The technology has limitations, particularly related to the type of questions you can ask. I find the following types useful:

  • multiple choice questions

  • calculated numeric [with the caveat that Blackboard can’t deal with 5.5 and 5,5, units, or number of decimal places]

  • fill in the blank or short answer [with the caveat that students often can’t spell (even when given a list of words to select their answer from), and sometimes deducing the syntax of the required answer is tricky]

  • matching pairs [really good for reactant/product equation matching in transition metal redox chemistry]

I also like the ability to write a pool of questions and a system that allows each student to be asked a number of questions from the pool. If every question is from a different pool, this reduces the scope for collusion. An example of a good pool question stem for a calculated numeric question:

Calculate the mass of copper sulfate required to prepare a [Y] molar aqueous solution in a [X] mL volumetric flask. 

You can see how simple it is to vary X and Y within the realms of possibility, generate all the correct answers in excel and make a pool of questions.

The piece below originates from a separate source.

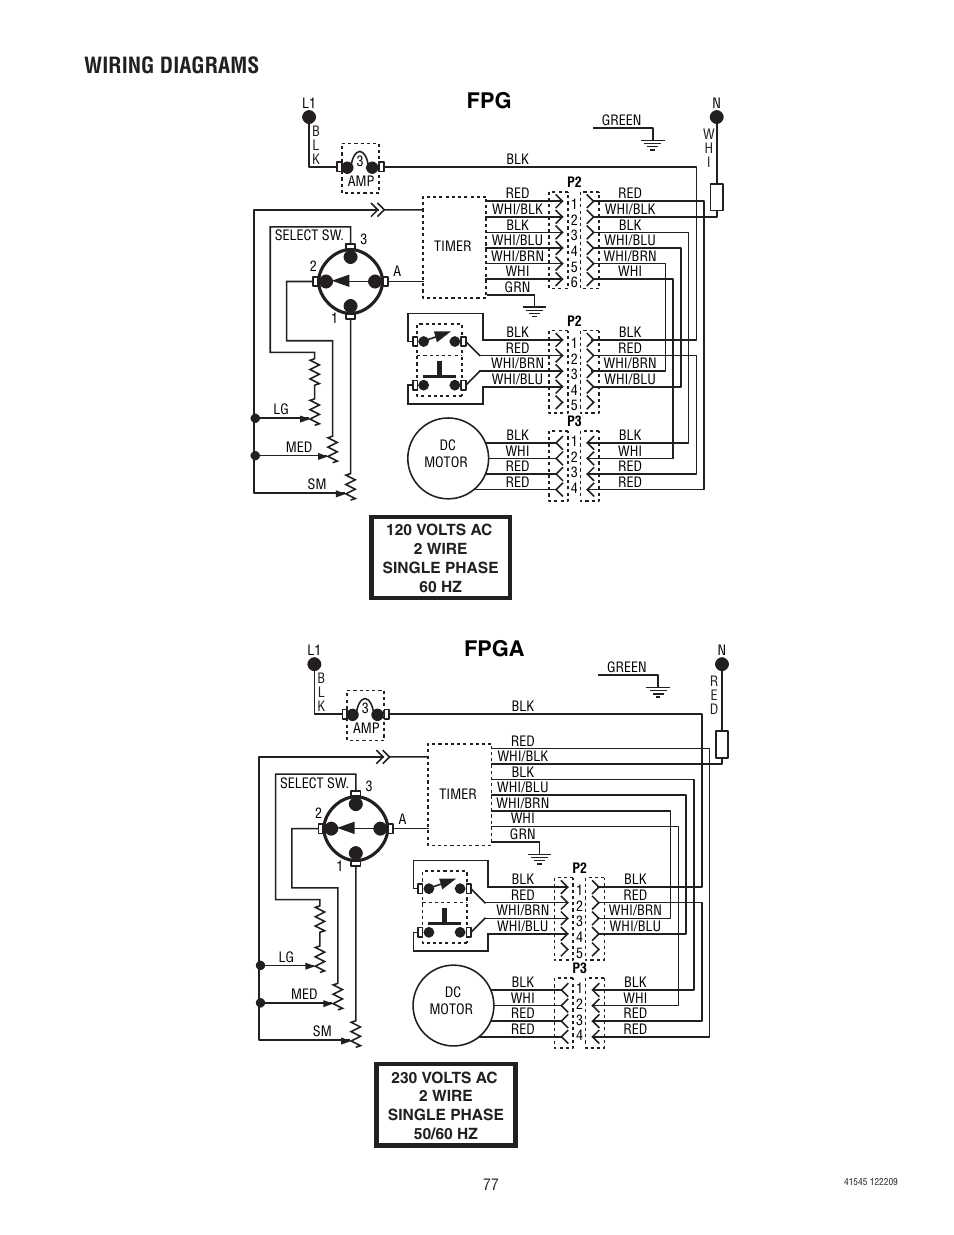 Baldor Generator Wiring Diagrams Auto Electrical Diagram Panasonic Cq C5405u Single Phase Within
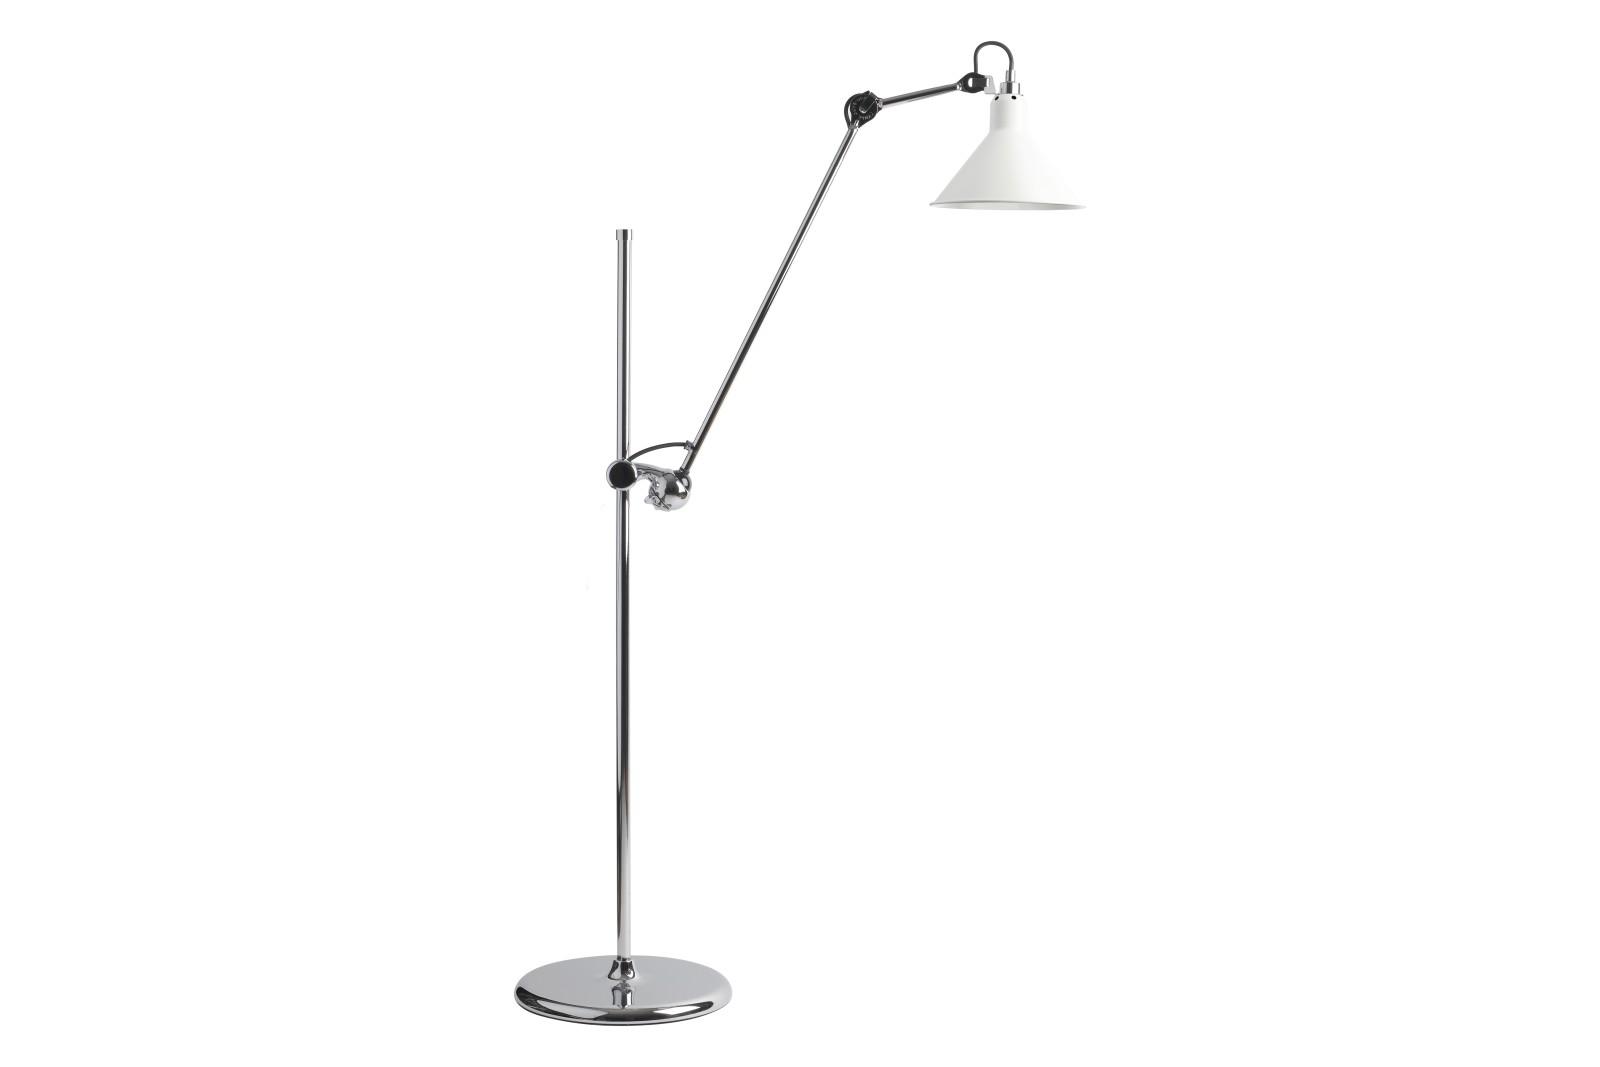 Lampe Gras N 215 Conic Shade Floor Lamp Chrome, White

The setup burden is how long it takes to create the initial test. As a rough guide, I’d estimate it to be at least twice as long as it would take to manually mark! So for a pre-lab done by 50 students, taking me 10 hours to mark, I’d expect to spend about 10 hours developing the online version. I do not recommend doing the online test thing unless you know you can use it for at least 2 years – one reason for doing it is to reduce the marking load and you don’t really start to make gains until the 3rd year of running. On the other hand, it’s a convenient way to ship time from semester (marking time) into quieter times of the year (prep time). I estimate that each test requires 1 – 2 hours of tweaking and set-up each year, usually after reviewing the analytics from Blackboard, weeding out poorer questions, adding a couple of new ones…that sort of thing.

Why do I do this? Well each of the assignments I’ve outlined are reason enough in themselves, but some have transitioned from paper-based to online (pre-labs, diagnostic test) and some would not exist if they could not be online (safety, referencing, academic conduct, assessed tutorial). So sometimes there is no reduction in marking time for me because I wouldn’t offer the assignment in an alternative manner. Technology facilitates the use of formative tests to aid learning, so I use it.

This year I’m expanding my range of formative tests to transfer my 1st year spectroscopy ‘drill’ questions into an online format. When teaching things like the equations of light, basic NMR, IR etc, I recognize the value in doing lots of examples. I also recognize the value in those examples stepping up in difficulty every so often, I’ve been calling them levels.

For example, using the equation E = hν

Level 1 – calculation of E in J, with ν in Hz

Level 2 – calculation of E in kJ/mol

Level 3 – calculation of E in kJ/mol with ν in ‘insert standard prefix here’ Hz

Level 4 – calculation of ν with energy in J

Level 5 – …

You get the idea anyway.  I read a paper on this a few years back, about stepping up calculations in small steps.  So I’m making question pools for each level, bundling a few levels together into a quiz then setting a minimum score requirement to gain access to the next levels. Students will do quiz 1 and if their mark is high enough (80%+) they get access to quiz 2. If it isn’t, they’ll get access to a couple of worked examples and the chance to re-do quiz 1 to get the mark.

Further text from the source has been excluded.